THERE IS something eerie about Malacañang that I cannot seem to place or understand. It grew from a 19th-century riverside country home, a casa de campo transformed by successive renovations and made grand by its architecture and interior décor. Philippine history was made here; thus, ascending the ancient staircase or visiting the other buildings in the Palace complex can be quite an experience for a first-timer because it is literally walking in the corridors of power. I have often wondered what the walls inside Malacañang have witnessed, what stories they would tell if they could only talk.
If history had turned out differently, if the First Philippine Republic was recognized and established, Emilio Aguinaldo would have been temporary Lord of Malacañang instead of a mere “guest” there after his capture by the enemy in 1901, a prisoner in a gilded cage. If Aguinaldo moved into the Palace as president, Apolinario Mabini would probably have been given an adjoining office from where he would direct affairs of state and protect the president, such that he would live up to the title his enemies gave him—“camara negra” (dark chamber of the President).
Rereading Mabini made me appreciate his life and ideals even more. Here was a man who was in the very center of power but was not corrupted by it. A lesser man would have succumbed to all the temptations that come with high office. In the Library of Congress in Washington, DC, I saw documents from the president’s desk that all contained marginal notes in Mabini’s fine, almost feminine, scrawl, as well as Aguinaldo’s initials under Mabini’s recommendations with a note signifying a “yes” or a “no.”

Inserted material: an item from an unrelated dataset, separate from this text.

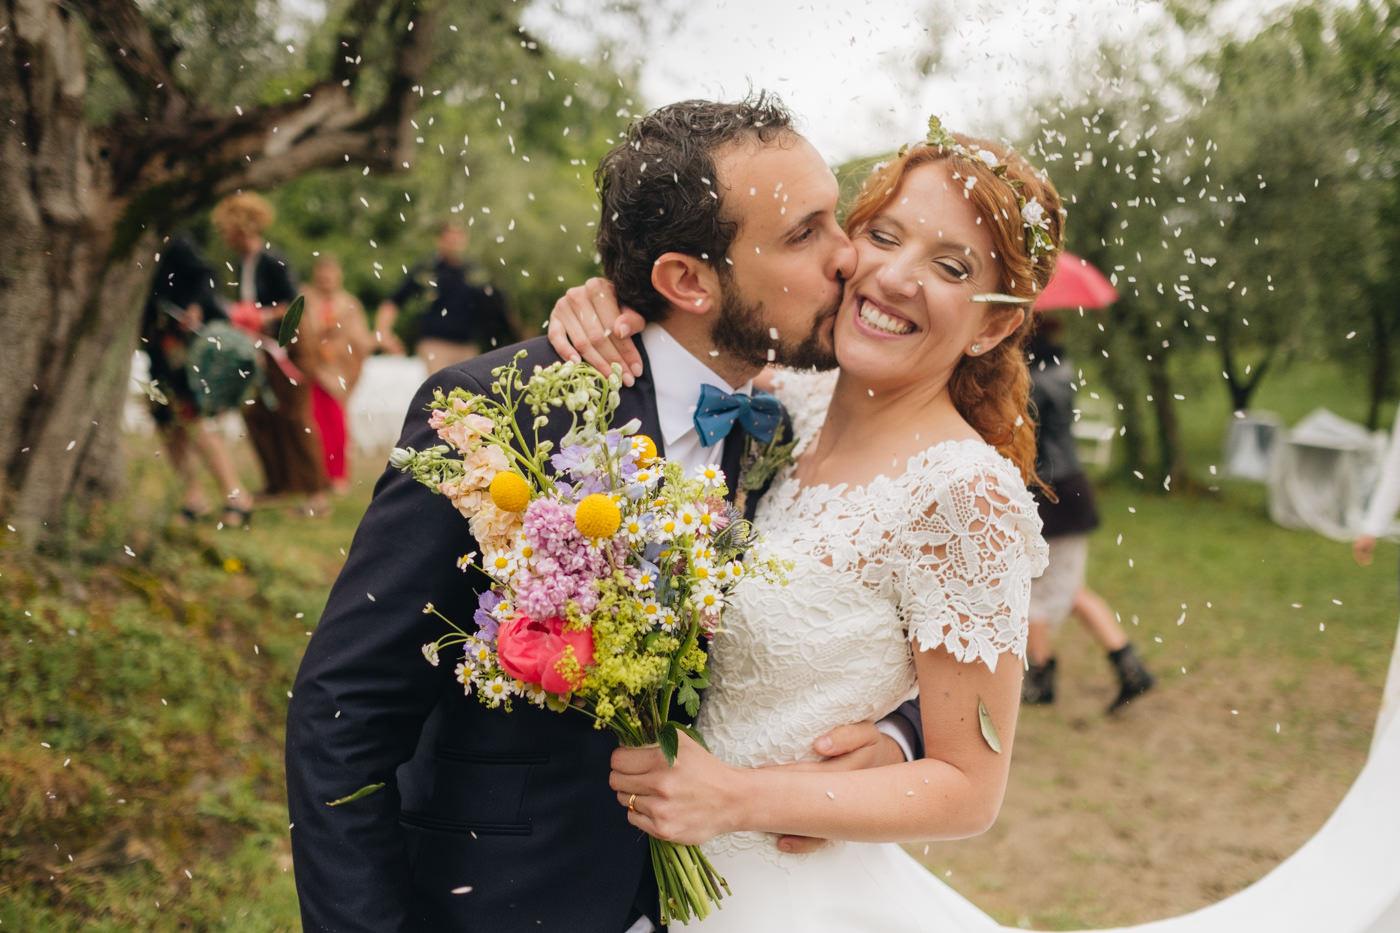 matrimoni_all_italiana_fotografo_matrimonio_toscana-48.jpg
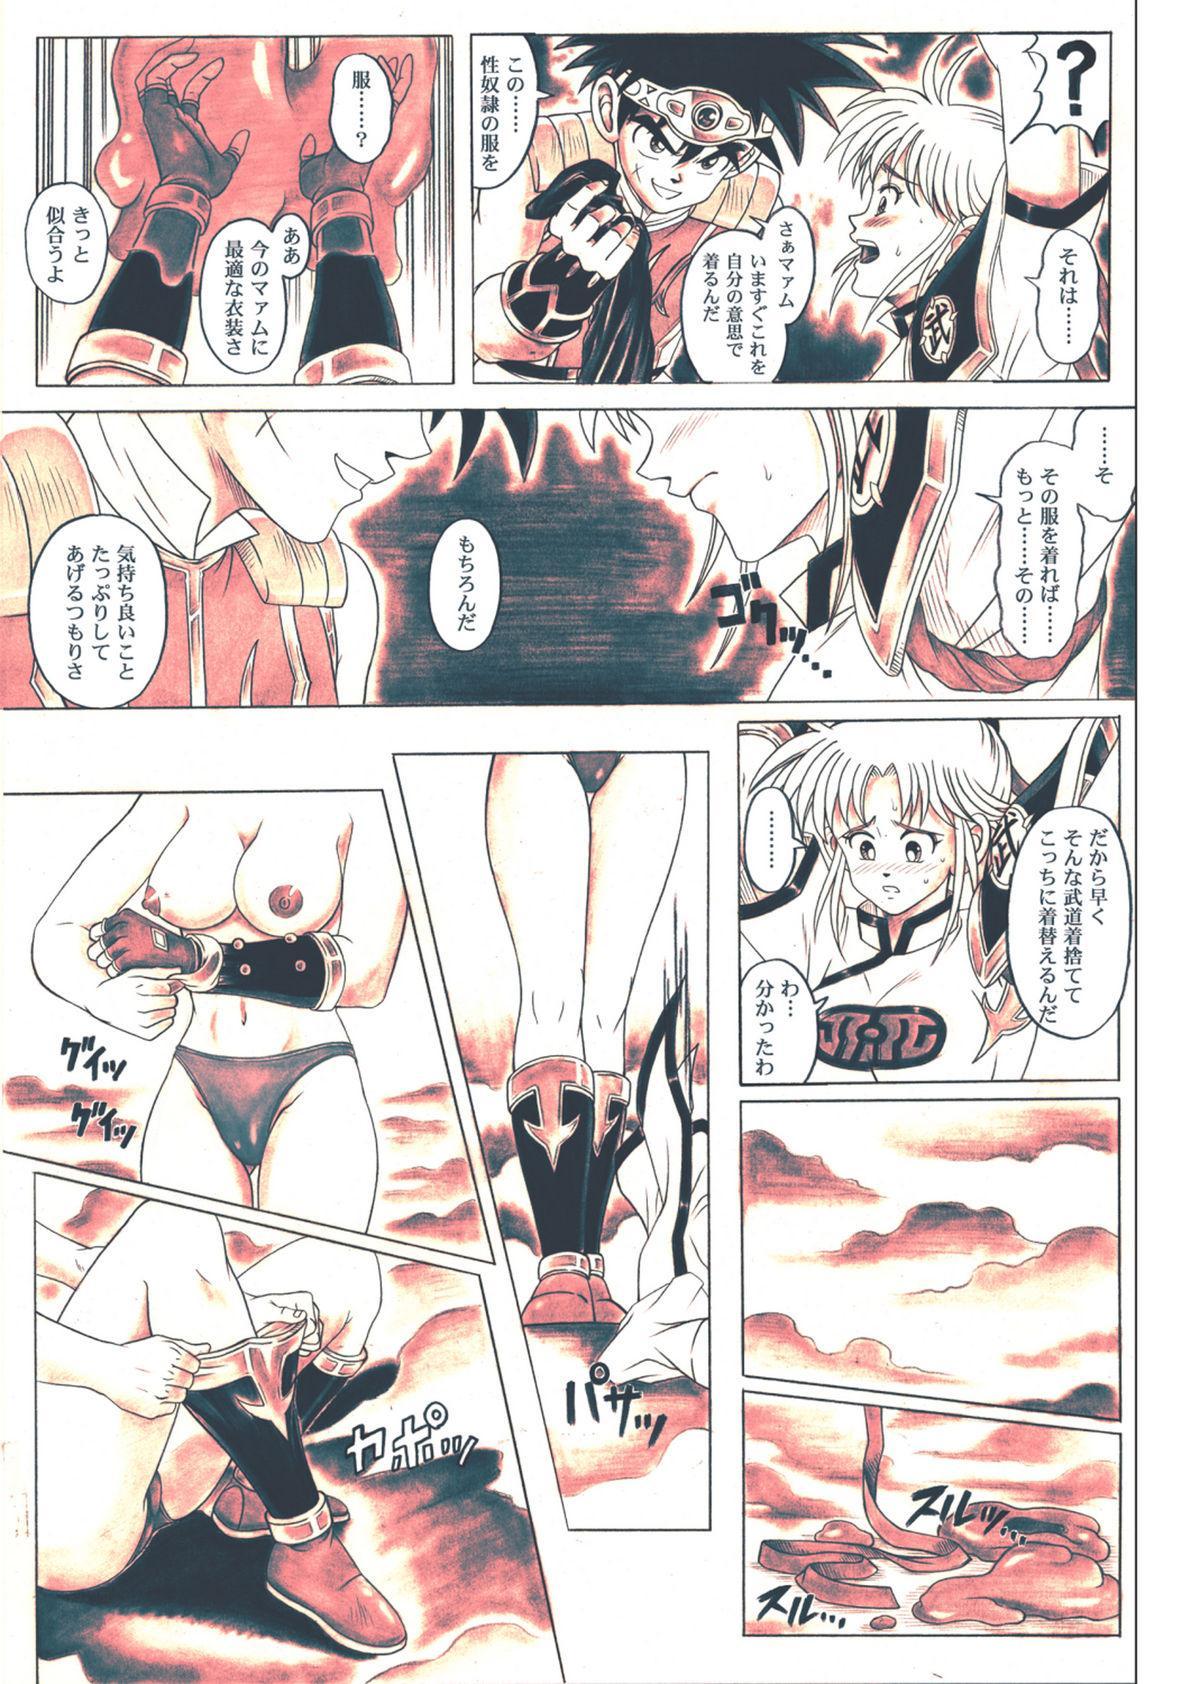 [Cyclone (Reizei, Izumi)] STAR TAC IDO ~Youkuso Haja no Doukutsu he~ Chuuhen Download edition (Dragon Warrior: Dai's Great Adventure) [Digital] 126

Most people enter office and use power to do good for country and people, some people use the same power for personal gain or prestige, some people use power for both. Power is neutral; how it is wielded makes a difference. When power is used for personal reasons against a greater good, one follows Darth Vader, villain of the “Star Wars” saga, into the “dark side of the Force.”
Jose P. Laurel used to relate the story about a humble silver coin that was found among Mabini’s possessions after his death. His mother sold all her coffee beans in Lipa and walked all the way to Bawan to give her son one hard-earned silver coin. Drenched by rain on her way back to Tanauan, she died soon after, leaving Mabini with a guilt he could never shed. Mabini kept this coin as a reminder of a mother’s love and sacrifice.
I doubted Laurel until I read Mabini’s “Algunos pormenores de mi vida” (Some details of my life), here offered with my clumsy translation from the original Spanish:
“From childhood I manifested a desire to study united with a marked aversion for work in the fields. That is to say that I was not content with the miserable life of a shepherd or labrado, a life that is miserable in appearance but happy and tranquil in the heart.
“My parents decided to spend for my career in spite of their poverty, because when my maternal grandfather began to teach the cartilla to my elder brother, he observed that I learned much faster than he, even if I were no more than a miron, a bystander who was not considered of the right age for primary instruction.
“From then my poor mother set to work with real ardor to spend for my studies. When I was in the segunda enseñanza (second level of instruction), it occurred to me to ask my parents for some good clothing for Easter just like those of my classmates. To please me, my mother sold all of the coffee that she had gathered during harvest time in the barrio of Payala [Lipa] and brought all the money to me herself so that I could buy the coat I liked so much. This show of self-denial and affection moved me such that I resisted the desire to buy a luxurious coat, and I figured that with this money my mother had given me a part of her life and blood. As a result of this excessive work she was led shortly to the grave.
“Due perhaps to my living away from my family since my childhood because of my studies, I became the most beloved of my parents and my maternal grandmother who died a year before my mother passed away. During vacations with my family, my grandmother, casually from her deathbed and pain, advised that in every moment they should not forget to attend and care for my nourishment. My mother always demonstrated a semblance of serenity in those moments when I was separated from her because of my studies, but one day when I was to withdraw to Manila to celebrate the vacation, I heard from an aunt that my mother had cried much because it seemed that I was indifferent to living with my family, far from her. When, shortly before her death, she saw her eight sons left in poverty, she broke down in tears, but calmed down when I promised to look after my brothers. I was moved to tears when I was called from Bawan to her side in the last days of her life.
“Oh, mother, in the midst of my misfortune your memory is not so painful because I am consoled by the idea that your fate spared you the pain of seeing our lot, but fortunate days were coming and my regret is that fate did not permit you to enjoy my well-being.”
Mabini’s integrity was rooted in the memory of his selfishness in the face of his mother’s selfless love, and one silver coin.